Is there a way to alter how arrange
sorts strings? I ran into a discrepancy between arrange
and sort
, illustrated by the following example.
# Demonstrate sorting discrepancy between `arrange` and `sort`.
# Create sample data.
df <- data.frame(Label = c("bama", "mama", "1000x", "BAnn", "10:00x"), Index = 1:5)
# Sort the rows into ascending label order using `dplyr::arrange`.
df |> dplyr::arrange(Label) |> print()
#> Label Index
#> 1 1000x 3
#> 2 10:00x 5
#> 3 BAnn 4
#> 4 bama 1
#> 5 mama 2
# Order: 1000x, 10:00x, BAnn, bama, mama.
# Sort the rows into ascending label order using `sort`.
df[sort(df$Label, index.return = TRUE)$ix, ] |> print()
#> Label Index
#> 5 10:00x 5
#> 3 1000x 3
#> 1 bama 1
#> 4 BAnn 4
#> 2 mama 2
# Order: 10:00x, 1000x, bama, BAnn, mama.

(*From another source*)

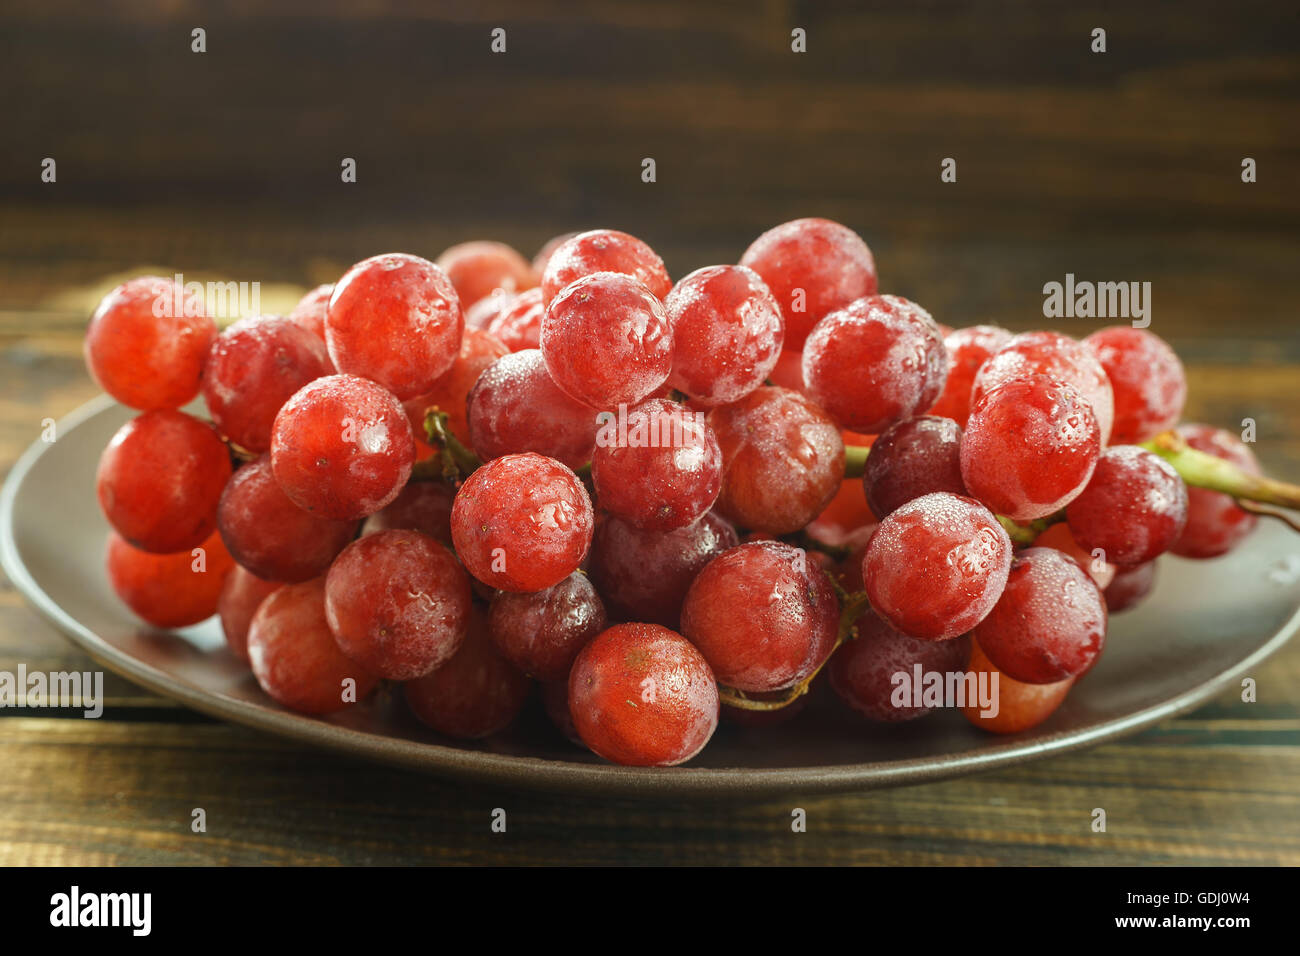 Grappolo di uva rossa su sfondo scuro Foto Stock

Created on 2024-06-26 with reprex v2.1.0
The context of the original problem involves reading data from a spreadsheet and presenting results in the same order as the spreadsheet rows. Both Google Sheets and LibreOffice Calc use the same sort order that sort
does, making arrange
the outlier. I'm asking whether there is a setting somewhere (option to arrange
, global setting for dplyr
) that would convince it to use the same sorting rules used by sort
.